Breaking an obsolete habit

I have subscribed to one paper or another since I moved out of my house in 1978, and my parents subscribed to two dailies before that. Every day — sometimes twice a day — a paper would show up on my doorstep or dorm mailbox. I even had my hometown paper mailed to me when I spent a summer in Vermont as a college kid, working in a summer camp. I’ve never lived without a daily, print newspaper, even though I’ve worked in digital media for more than 20 years.

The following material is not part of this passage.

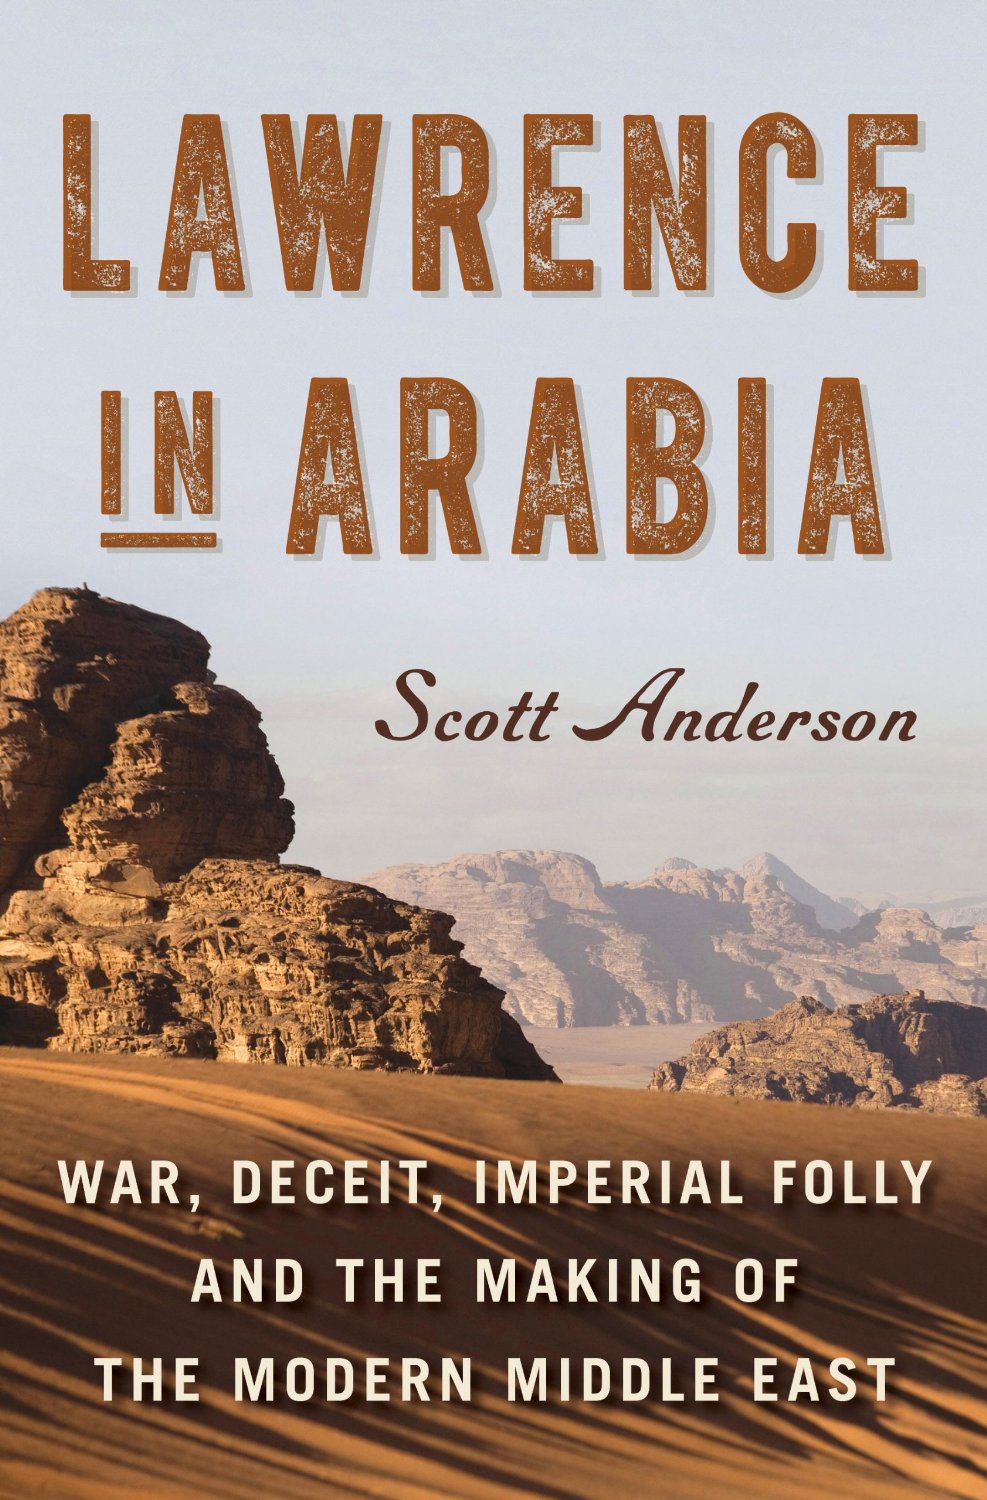 Best Lawrence Of Arabia Quotes in the world Learn more here 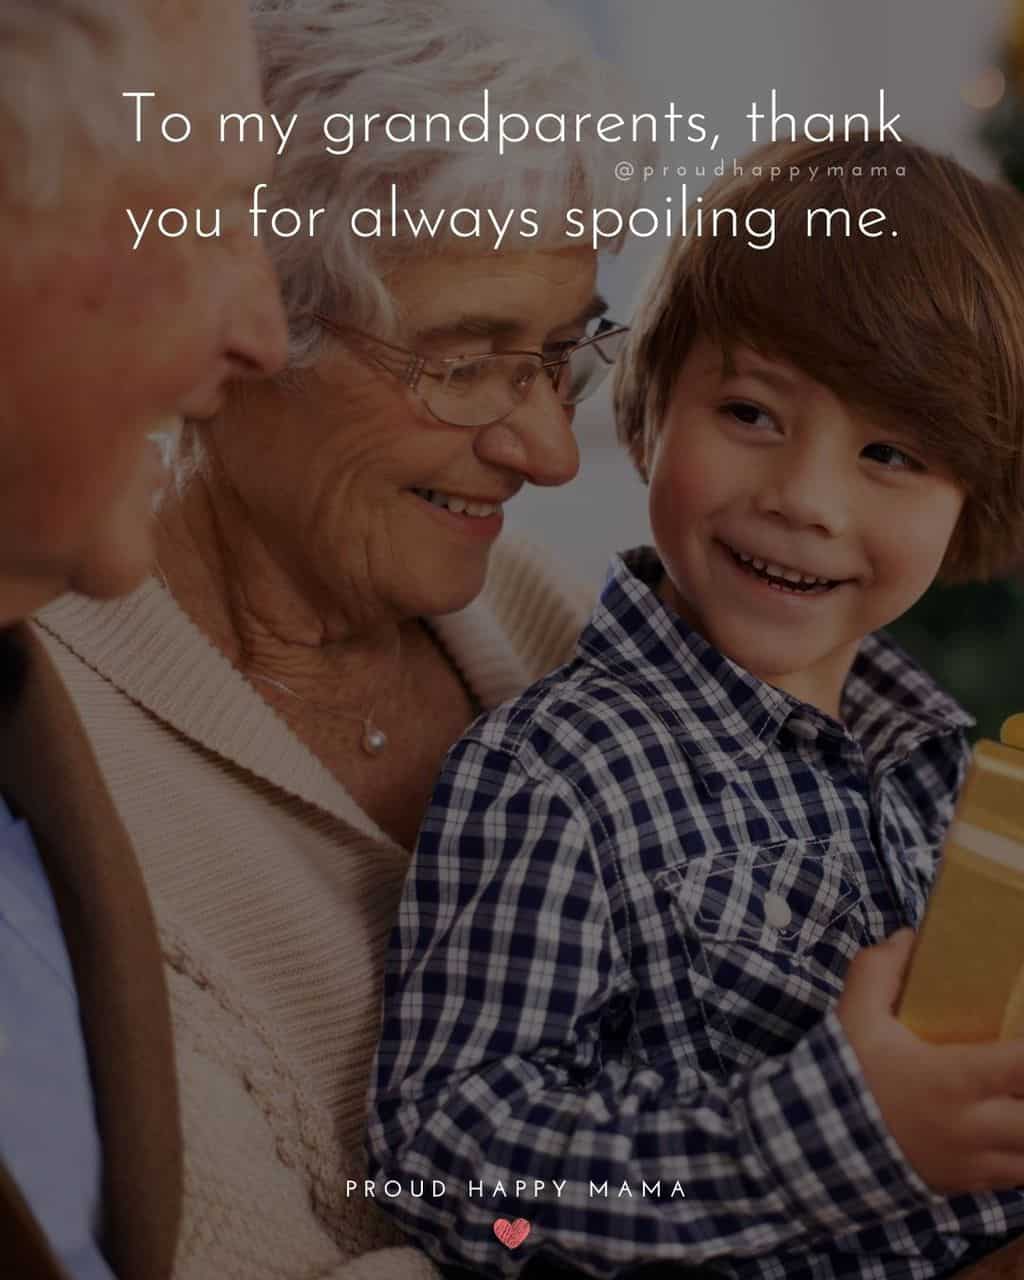 Grandparent Quotes – To my grandparents, thank you for always spoiling me.’

Today I canceled my weekday print subscription to The Washington Post. For a few years now, weekday papers have been little more than recycling fodder for me — I read the paper online, but my wife has preferred the physical newspaper. But even her habits have changed — and that, combined with the Post’s escalating costs, pushed us to make this decision.

It’s odd for me. I’ll have a digital subscription so I’m still helping to pay for the journalism I’m reading. I still enjoy the casualness of reading a weekend paper, so I’m keeping the Saturdays and Sundays as well (and the Sunday New York Times).

But this still feels like a little betrayal. From the time I was in kindergarten until the time my computer hobby became a viable career, all I wanted to do was work for a newspaper. I got that experience for 14 years, and in that time I covered everything from night cops to the White House — with a stint of editing mixed in.

But I changed, and my reading habits changed long ago. I’ve never been one for nostalgia, which too often feels like the banana peel in front of the grave, and I’m not going to get all nostalgic about this decision. It’s a practical one.